2A and 2B are a plan view and a cross-sectional view of a liquid crystal display device according to another embodiment of the prior art.

3A and 3B are a plan view and a cross-sectional view of a liquid crystal display device according to the present invention.

4A to 4C are cross-sectional views illustrating a process of forming a column spacer according to the present invention.

* Explanation of symbols on the main parts of the drawings

111 black matrix 112 color filter layer

113: common electrode 114: gate wiring

115: data wiring 116: column spacer

116a: photoresist 119: lower substrate

121: thin film transistor 122: pixel electrode

130: mask

BACKGROUND OF THE INVENTION 1. Field of the Invention The present invention relates to a liquid crystal display device (LCD), and more particularly to a liquid crystal display device including a spacer for maintaining a cell gap of a substrate.

BACKGROUND ART Liquid crystal display devices, which have recently been spotlighted as flat panel display devices, have been actively researched due to their high contrast ratio, suitable for gradation display or moving picture display, and low power consumption.

The liquid crystal display device is composed of two opposing substrates and a liquid crystal layer interposed therebetween, by applying a voltage to the electrodes formed on the substrate to rearrange the liquid crystal molecules of the liquid crystal layer to control the amount of light transmitted to display an image. Device.

At this time, if the gap between the two substrates is not constant, the transmittance of light passing through the portion is changed and brightness is uneven, so that the spacers are inserted between the two substrates to keep the substrate gap constant.

Hereinafter, a liquid crystal display device according to the related art will be described with reference to the accompanying drawings.

1A and 1B are a plan view and a cross-sectional view of a liquid crystal display device according to an exemplary embodiment of the prior art, and FIGS. 2A and 2B are a plan view and a cross-sectional view of a liquid crystal display device according to another embodiment of the prior art.

In general, as shown in FIGS. 1A and 1B, an LCD may include an upper substrate 18 having a color filter layer 12 for color implementation, and a lower substrate having a switching element capable of converting an arrangement direction of liquid crystal molecules. And a liquid crystal layer 20 formed between the upper and lower substrates 18 and 19.

In detail, the upper substrate 18 further includes a black matrix 11 that blocks light leakage in addition to the color filter layer 12, and a common electrode 13 that is a first electrode that applies a voltage to the liquid crystal layer 20. In addition, the lower substrate 19 receives a signal from the thin film transistor 21, which is the switching element, in addition to the gate line 14 and the data line 15 defining pixels by crossing vertically, and the thin film transistor 21. A pixel electrode 22 which is a second electrode that applies a voltage to the liquid crystal layer 20 is further formed.

In addition, a ball spacer 16 is inserted between the upper and lower substrates 18 and 19 to maintain a constant gap between the two substrates, and the liquid crystal is prevented from flowing to the outside of the substrate. Sealant (not shown) is formed.

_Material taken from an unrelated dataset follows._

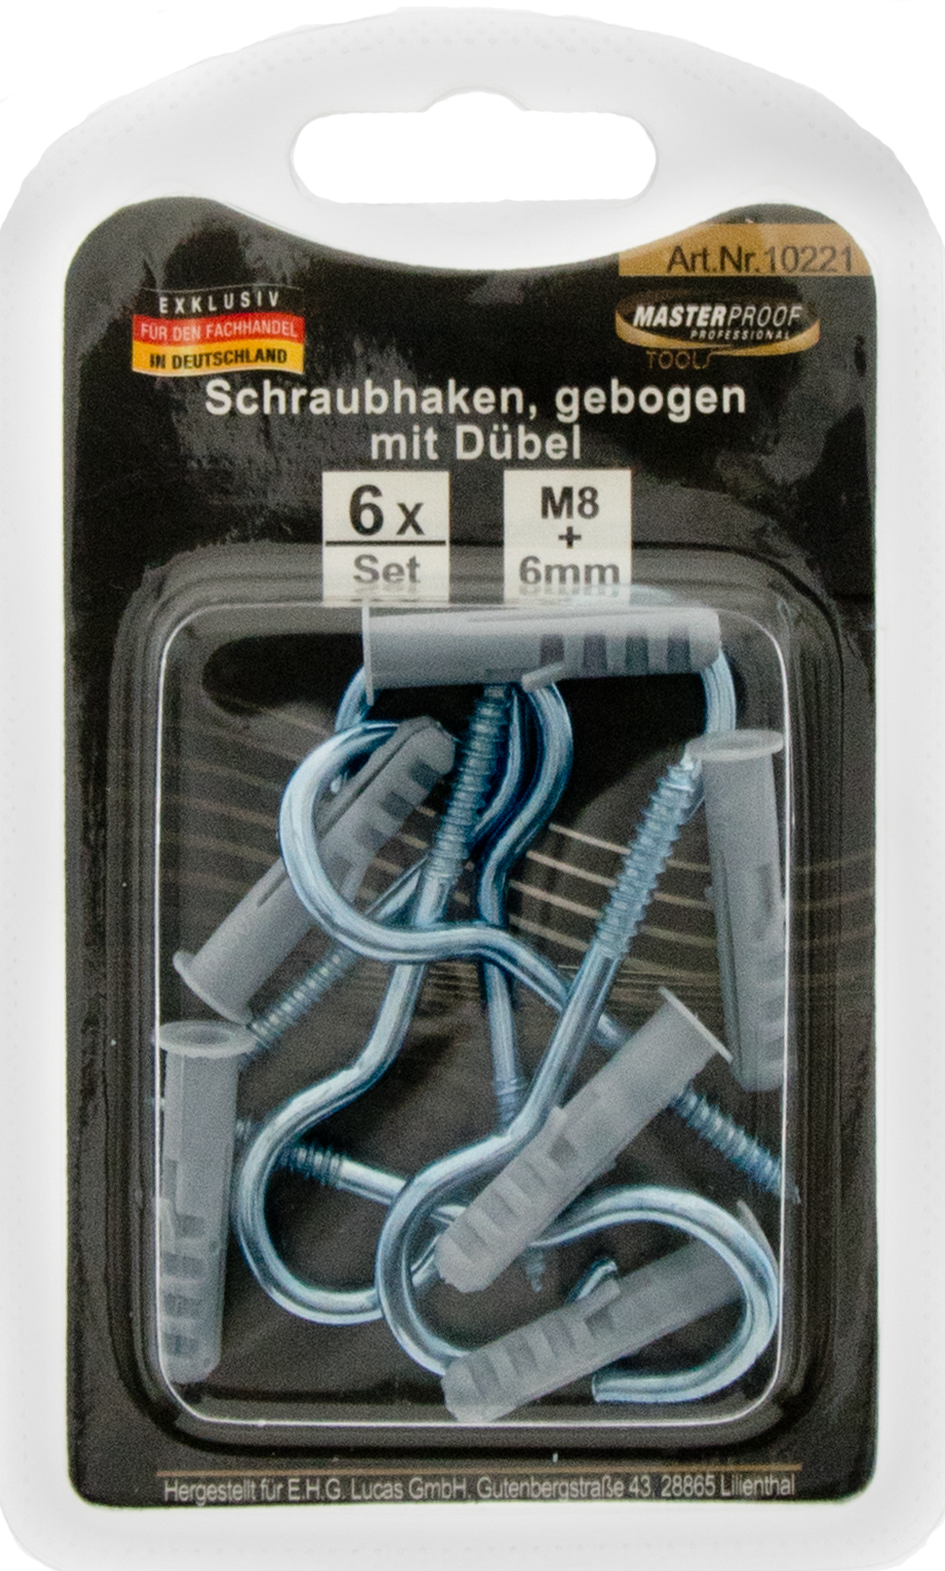 Picture of Schraubhaken M8, gebogen mit Dübel 6mm

At this time, the ball spacer 16 is uniformly distributed on the entire surface of the upper substrate or the lower substrate using a plastic ball or a glass ball having a desired aperture. The ball spacer has a dispersion density of 100 to 150ea / 1 mm 2.

The glass ball is generally made of a glass fiber made by spinning alkali-free glass in a suitable form, and mainly contains SiO ₂ . Such glass spacers have good heat resistance and chemical resistance, low reactivity with liquid crystals, and high hardness, and do not have deformation due to load.

The ball spacer made of plastic is made of synthetic resin, and there are a thermoplastic type and a thermosetting type according to the type of resin. Compared to the glass ball, since the hardness is low and the deformation by the load is easy, the scattering density should be higher than that of the glass ball.

Methods of dispersing the ball spacers 16 include a wet dispersing method in which a spacer is mixed with a solvent and dispersed, and a dry dispersing method in which a space around a substrate is maintained while the spacers are charged and dispersed without aggregation.

On the other hand, in the case of a liquid crystal display device having a low cell gap and a large area, a column spacer 26 is used instead of the ball spacer 16 as shown in FIGS. 2A and 2B. This is because it is difficult to produce ball spacers of 4 to 5 μm or less and it is difficult to ensure uniformity of cell gap when applied to large areas.

The column spacer 26 is formed using a photolithography technique that removes unnecessary portions by an optical or chemical method in order to impart a predetermined pattern by an insulator.

That is, the photoresist is applied to the upper substrate 28 or the lower substrate 29 to a predetermined thickness, cured, exposed, chemically processed (developed), and the column spacers 26 are formed at arbitrary positions of the substrate. do.

In the photoresist exposure, the energy applied to the photoresist surface portion and the core portion is different so that the column spacer 26 has a larger area of the core portion than that of the surface portion. That is, the solid line representing the column spacer 26 of FIG. 2A represents the area of the surface of the column spacer, and the dotted line represents the area of the core portion of the column spacer.

However, the liquid crystal display device as described above has the following problems.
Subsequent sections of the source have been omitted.